Alternative Dispute Resolutions (ADR)
Thanks for Jon Miller LLB, MSc, Solicitor (construction law), FCIArb, Fellow of Chartered Institute of Arbitrators, Member of the Technology and Construction Court Solicitors Association (TeCSA), CIArb Accredited Adjudicator.
Jon Miller's experience covers dispute resolutions, litigation for developers, employers, contractors, sub-contracts and consultants. He also acts as an Advocate in court before Arbitrators and represents clients before Mediators. His areas of work includes disputes involving roads, harbours warehouses, factories, tunnels, road schemes, housing schemes and office buildings. He has been involved in a broad range of disputes, mediations, expert determinations, adjudications, non-continuous matters. He has both domestic and international clients.
Jon Miller sits on the board of the Chartered Institute of Arbitrators, London Committee. He also regularly lectures at the Institute of Electrical Engineers , Building Research Establishment, Chartered Institute of Building Services Engineers and the Royal Institution of Chartered Surveyors and he has lobbied the House of Lords for the construction industry during the passage of the Housing Grants Act.
Alternative Dispute Resolutions (ADR)
Jon Miller started by explaining that the courts really do not want this type of property / construction disagreement in court, which is all part of the Civil Procedure Rules 1999. ADR is a way to ensure that as much as possible is dealt with before it gets to court.
The following looks at:
• Discussion and negotiation
• Early neutral evaluation
ADR in its basic form takes negotiation.
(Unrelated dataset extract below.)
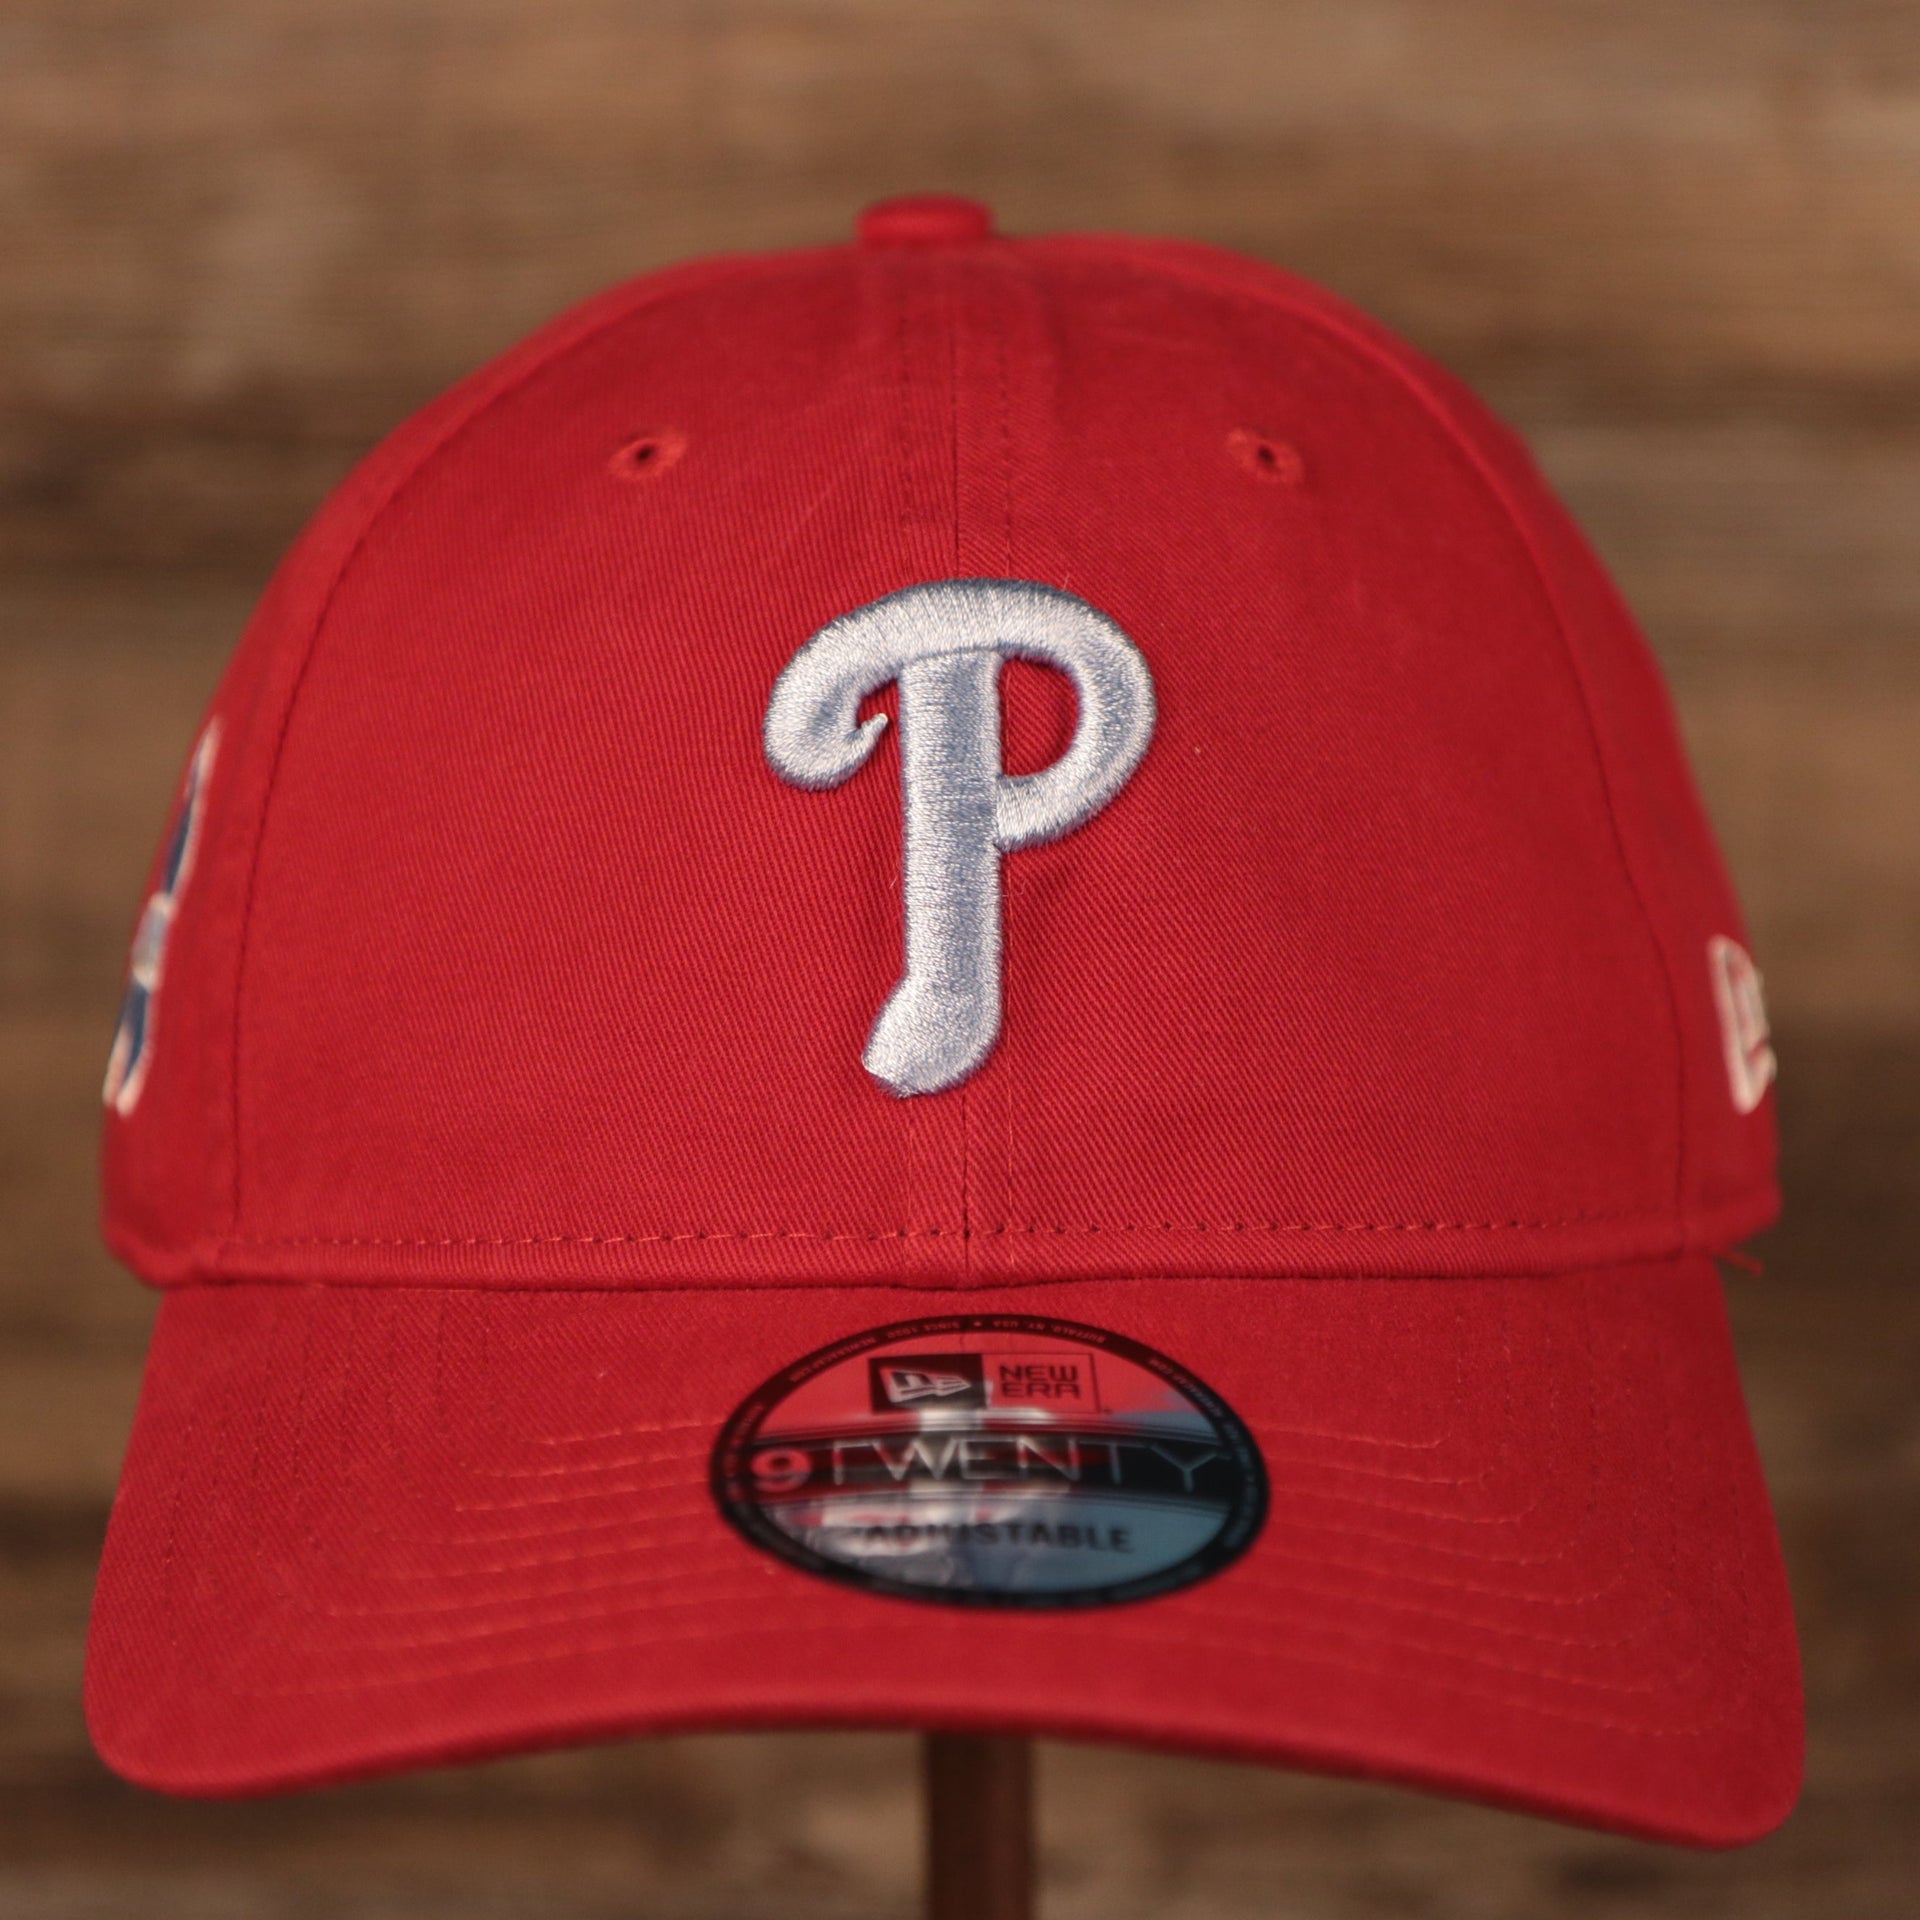 The front side of the red Philadelphia Phillies 920 dad hat for the 2021 fathers day by New Era.

A common approach is positional negotiation, where one party doubles the sum they want and the other halves the amount named by the other party! Jon Miller advised that often, in his experience, clients do not have a full understanding of what they want and what they can have. He also touched on the other positional negotiation of a line in the sand' with a take it or leave it approach.
Jon Miller advised that negotiations should be with the person that makes the decision (the organ grinder not the money). Make sure the person has the authority to negotiate and ultimately understand who has the authority to sign the cheque.
ENV (early neutral valuation)
This is a process of ADR carried out by retired Judges and retired Surveyors, where in theory the parties want to solve the dispute. This process can limit the time and money spent and it can be over and done with in a morning.
A mediator doesn't make a decision he helps people think, or bash their heads together. A particular incentive of mediation is that typically during a court case you only get back about two thirds of the legal costs. It has the benefits that anything you say cannot be used against you and you can talk freely to settle the dispute(s) and at any time either party is free to walk away. Indeed, a good mediator utilises the willingness, or otherwise, of the parties to bring about a decision.
Typically there will be a mediation room and also private rooms into which each party can have discussions on various issues; the mediator moving freely between the rooms, but only able to pass on any information with the consent of the parties.
Disputes with the NHS were found to, in most cases, just want an apology. BR and other large companies often use mediation as a way of coming to an agreement without the glare of journalists; as you can't stop journalists going to court!
Terms to look out for
Are we agreeing liability or are we agreeing liability in quantum? Quantum refers to financial matters, i.e. are we accepting liability and just need to discuss how much a cheque will be, or won't be?
The other additional advantage of mediation is that it can produce win, win situations, where an ongoing relationship can continue, for example a pay off of X amount and 30% off ongoing local property deals, etc.
ADR, a delaying tactic
Jon Miller also spoke about the problem that it can just sometimes be a process that the parties are going through and it takes two to tango. He commented that he was aware of cases where parties hadn't even initially been able to agree where to have their mediation and that sometimes a party is holding out over a period of time, to the point where the other party will just accept something to resolve the matter.
With arbitration you affectively have a private Judge. Under the Arbitration Act 1996 Arbitrator's fees are in the hundreds of pounds per hour (interestingly, approximately two thirds of them are Chartered Surveyors). Typically, it will take a full week. It has the benefit of keeping the journalists out and is a private settlement and is cheaper.
Jon Miller also had a few words to say on dilapidations. Firstly, that the landlord has six years to serve the Dilapidations Schedule, although the Protocol recommends 56 days, and his main comment was to read the lease; it all depends upon what the lease says.